* **Exercise aim**
Transcribe, exactly and without pictures, the lines below from the line with "رجل فلسطيني يحمل" to the line with "Amasya’da gümrük kaçağı", both ends included, and no others.

[Record set Boundary: Start]

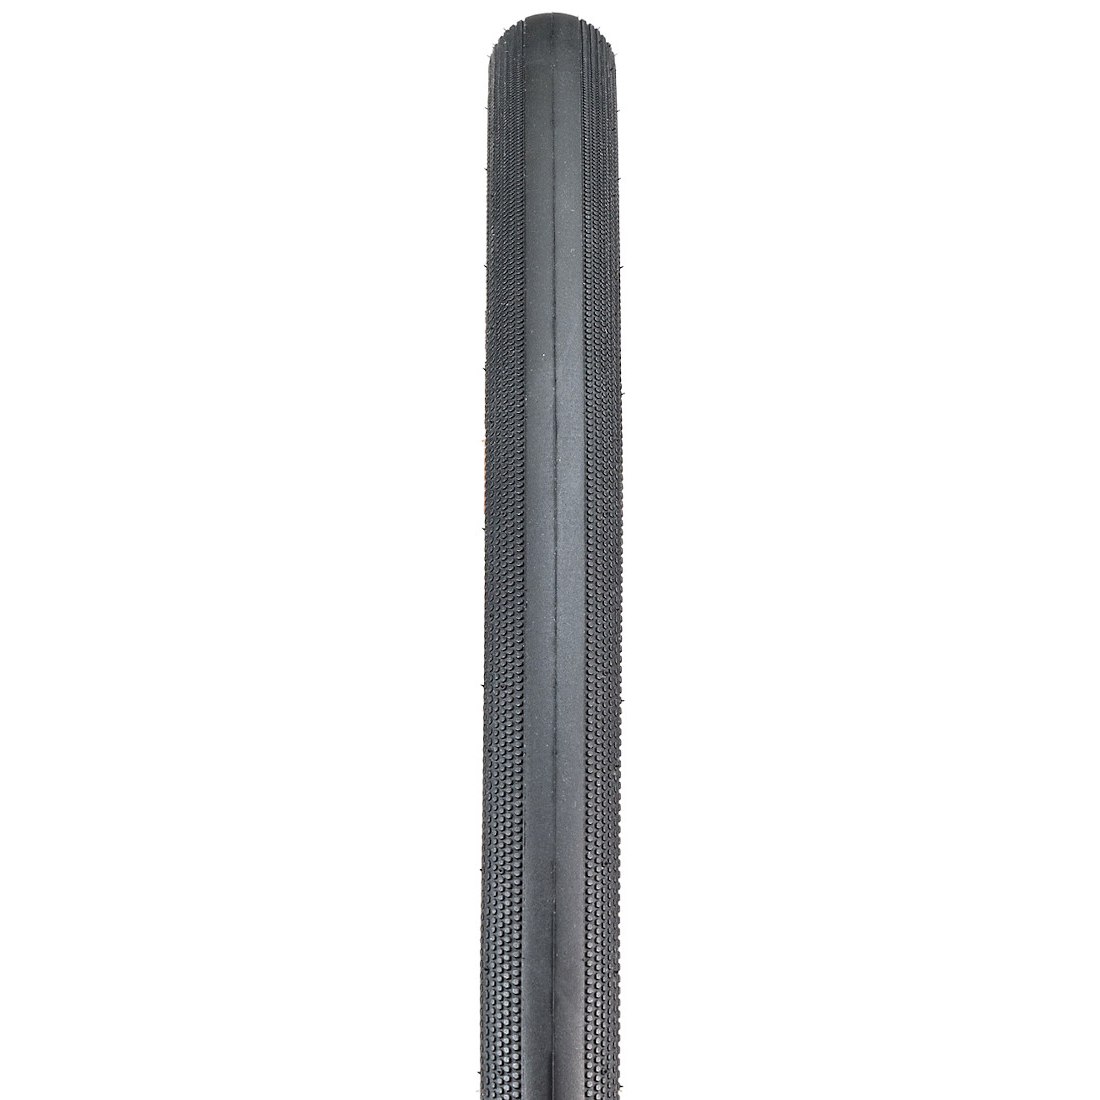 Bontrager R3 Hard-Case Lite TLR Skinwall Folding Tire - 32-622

[Record set Boundary: End]
[Record set Boundary: Start]

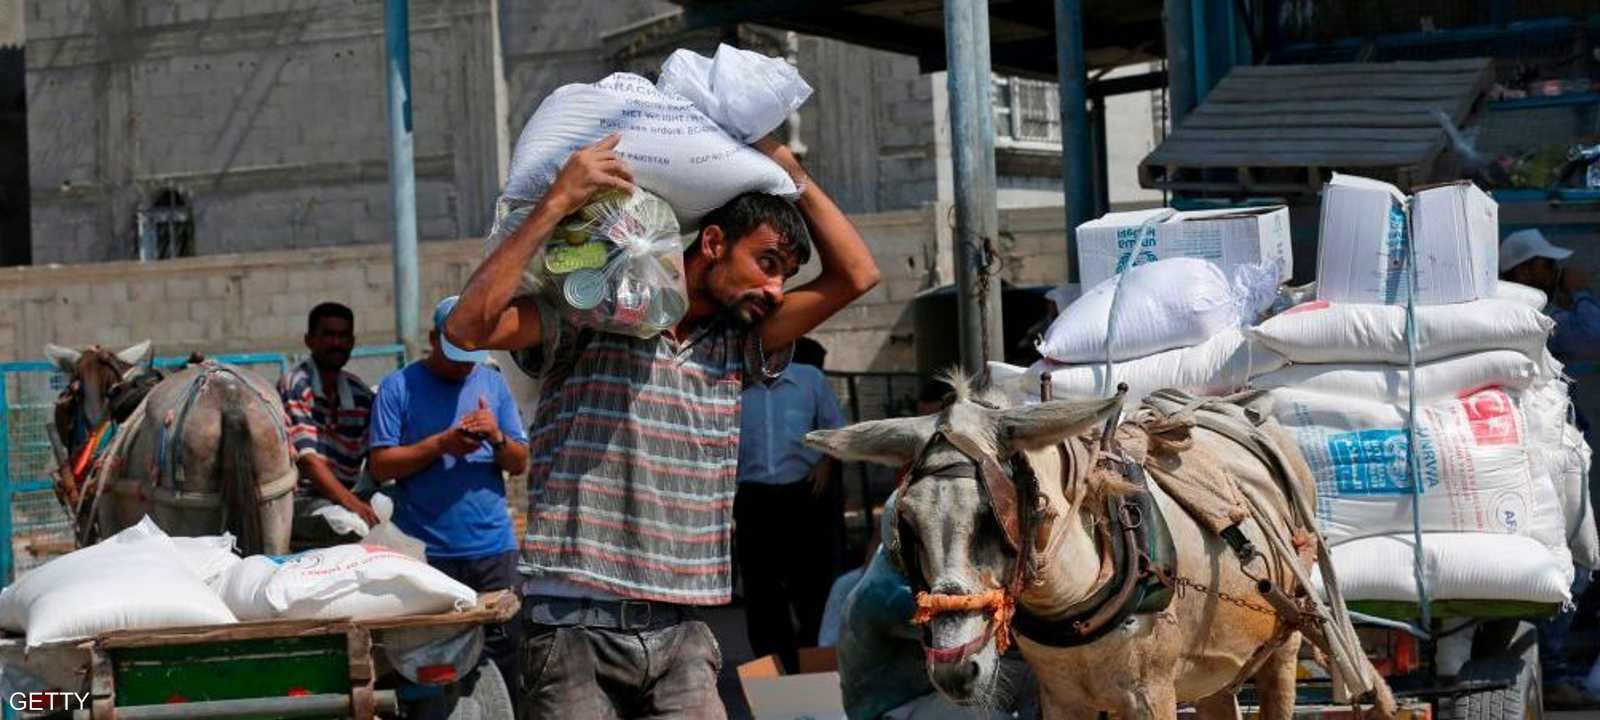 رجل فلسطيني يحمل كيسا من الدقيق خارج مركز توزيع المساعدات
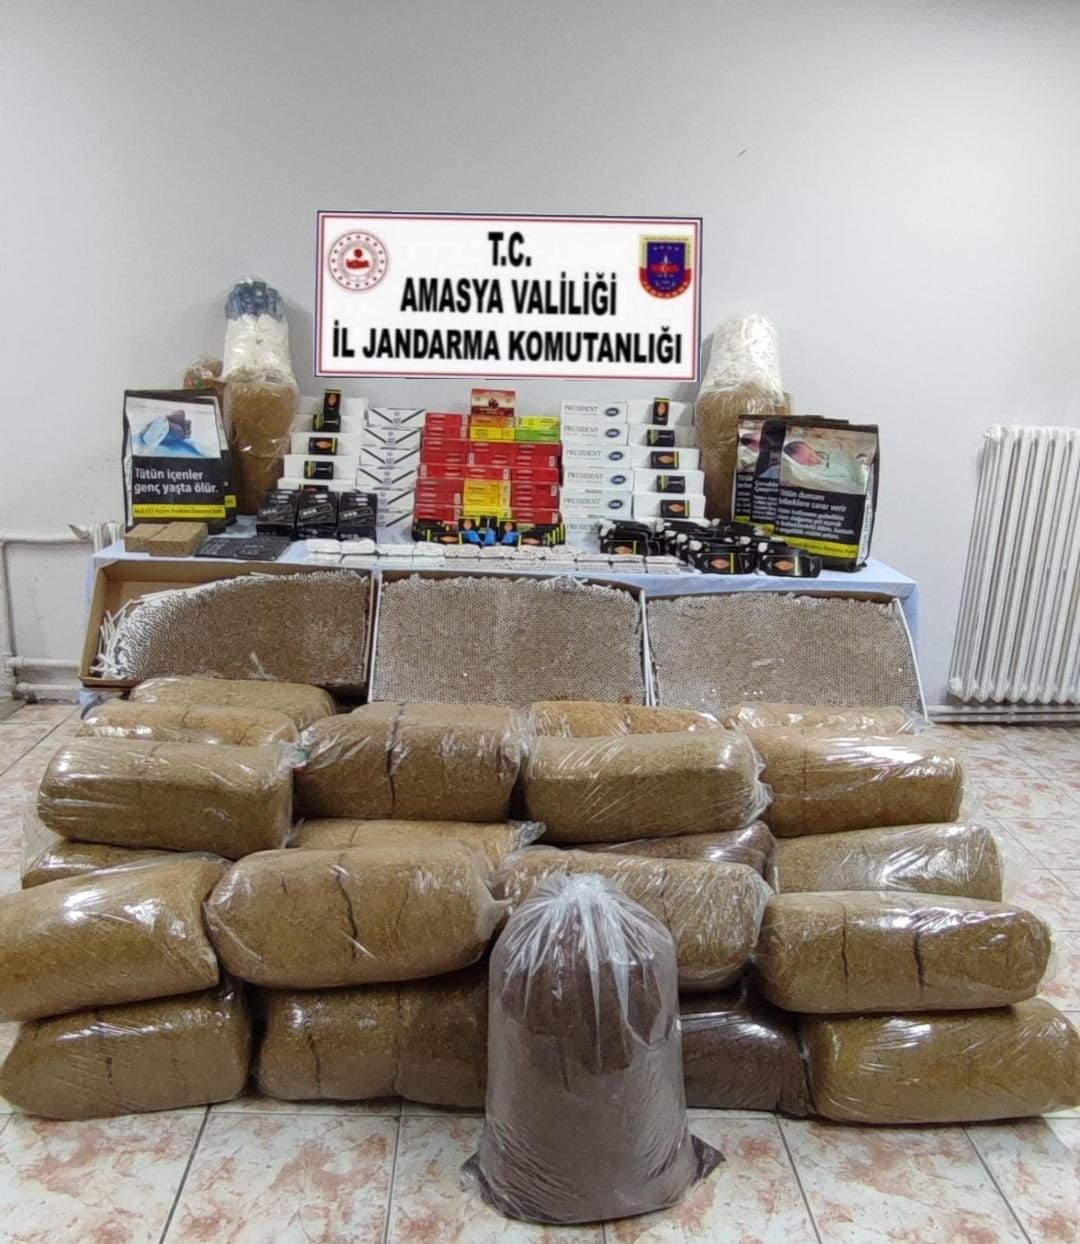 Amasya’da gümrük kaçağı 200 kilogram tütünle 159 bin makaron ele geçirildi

[Record set Boundary: End]
[Record set Boundary: Start]

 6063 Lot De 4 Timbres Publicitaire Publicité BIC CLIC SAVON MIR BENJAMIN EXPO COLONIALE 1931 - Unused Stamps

[Record set Boundary: End]

* **Answer to this problem**
 رجل فلسطيني يحمل كيسا من الدقيق خارج مركز توزيع المساعدات
 Amasya’da gümrük kaçağı 200 kilogram tütünle 159 bin makaron ele geçirildi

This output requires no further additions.